While this is good news in part because fans will be able to focus more on baseball this season now that the lawsuit isn’t hanging over the team’s head, there are some who want they Wilpons out as owners who are probably less pleased. Aaron Leibowitz over at Rising Apple wrote a column today that debates whether loyal fans should boycott the team or not.

It’s strange.  On an individual level, a fan can’t do jack.  But sometimes on a grand scale, the fans can change everything.  In the case of the Mets, there appears to be only way that the Wilpons will lose control of the team, and that’s if the line for Shake Shack regularly shrinks to less than an inning long.  If no one shows up at Citi Field, the Wilpons will struggle to pay off their debts, and it might actually be enough to jolt Bud Selig from his friendship-coma with Fred and force him to apply some serious pressure.
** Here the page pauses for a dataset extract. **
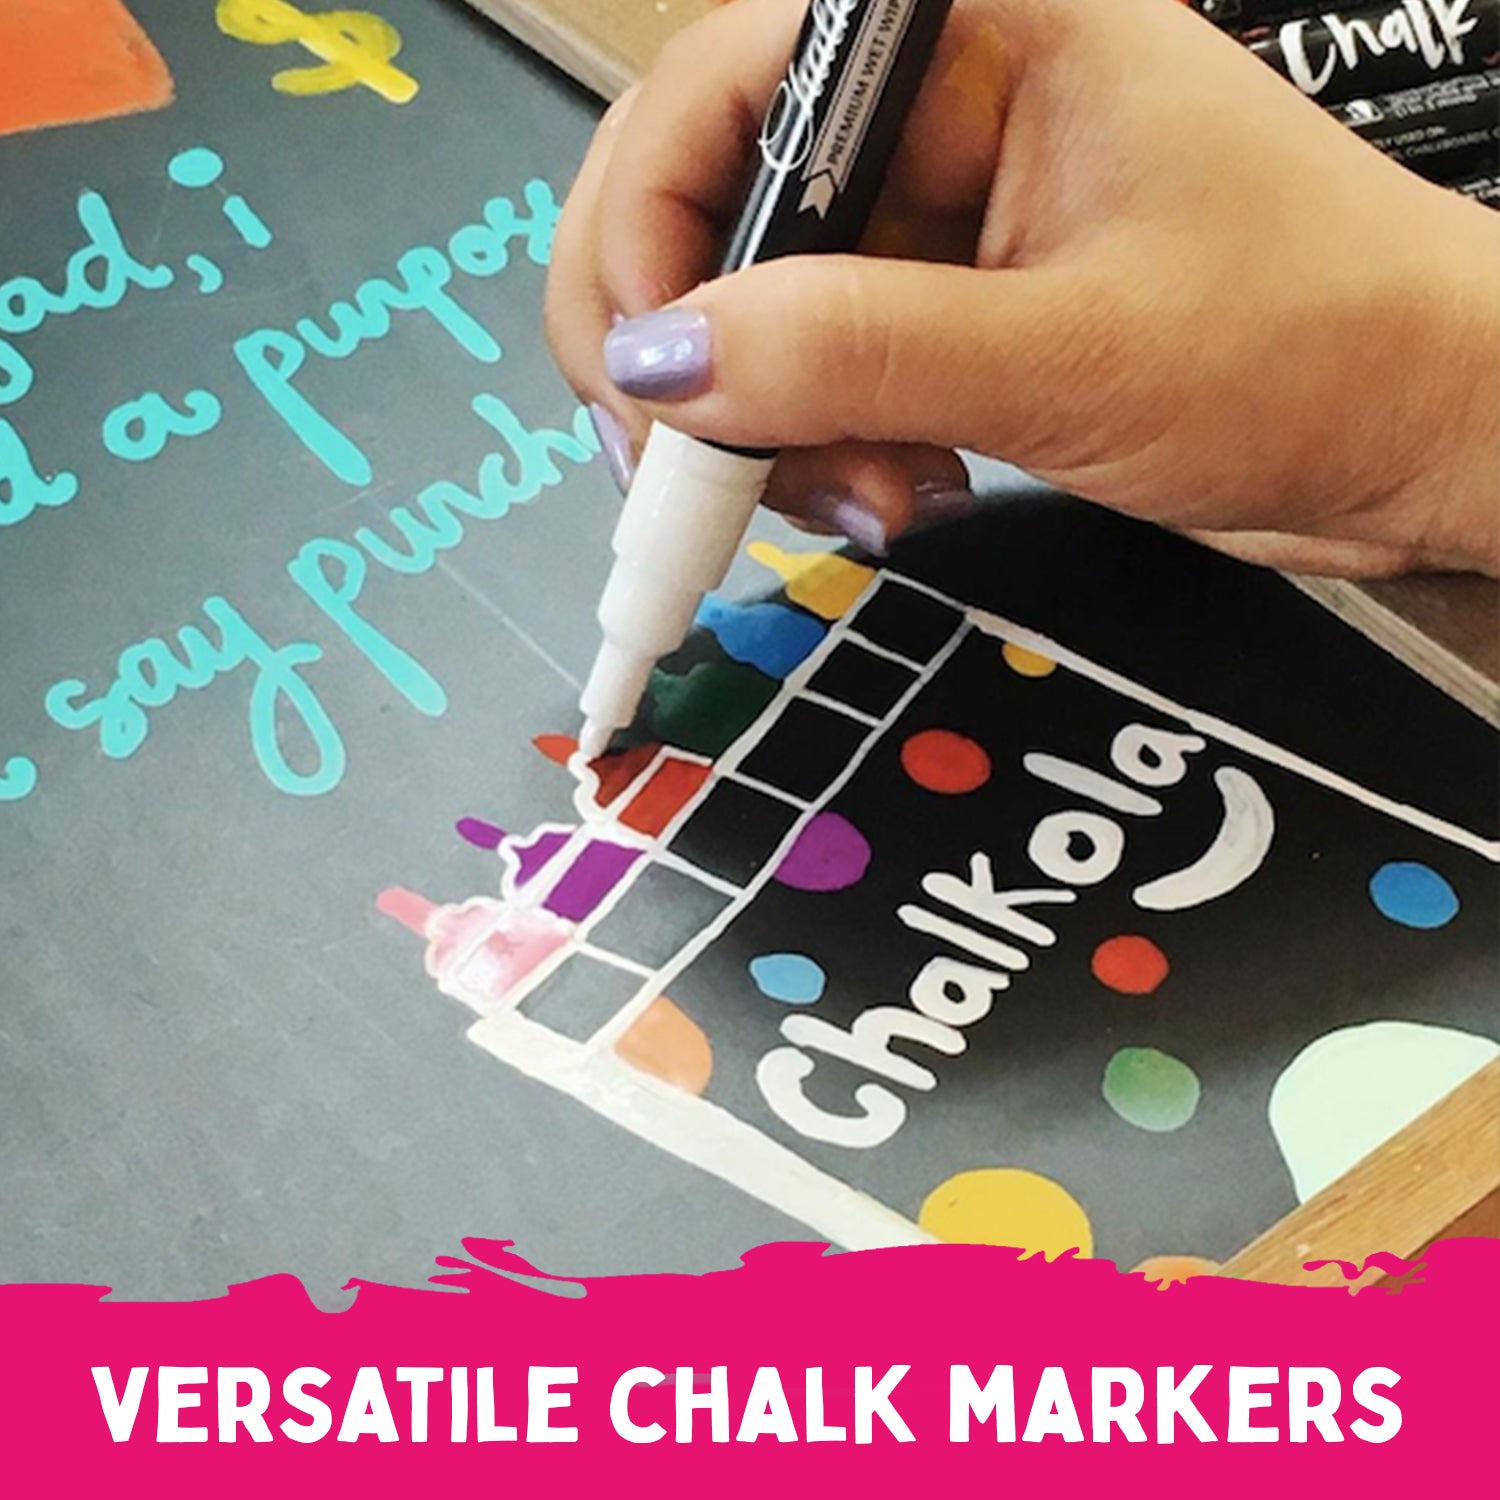 20 Chalk Markers + 20 Acrylic Markers Bundle - Chalkola Art Supply

Eventually, Leibowitz decides on holding onto his season tickets, but it is the mere idea of boycotting that I want to look at. Forcing the Wilpons to sell the team that they seem intent on holding onto so dearly would presumably allow someone with more money and more common sense than the Wilpons to buy the team and turn the Mets around. The big assumption here is that the Mets can be immediately “fixed” with money. I’m not so sure that’s the case.

In recent history, the Mets have been very competitive for a pair of spurts. One was from 1997 until 2000, when the team won at least 88 games every year, made the playoffs twice and won the National League pennant. The other was from 2006 to 2008 when the team again won at least 88 games every year, but only made one playoff appearance.

The point is, even when the Mets had money, they didn’t have much sustainable success. The late-90s teams were built on the backs of free agents like John Olerud, Bernard Gilkey, Robin Ventura and Al Leiter that soon got old, left town, or both. The late-aughts teams were built more properly around a couple of homegrown studs, but general manager Omar Minaya relied too much on roadside pick-ups like John Maine and Oliver Perez in his rotation. Veteran free agents Tom Glavine and Pedro Martinez got old, the bullpen collapsed, and Maine and Perez turned back into pumpkins. As a result, and despite the efforts of Jose Reyes and David Wright, those Mets failed to make the playoffs in 2007 and 2008.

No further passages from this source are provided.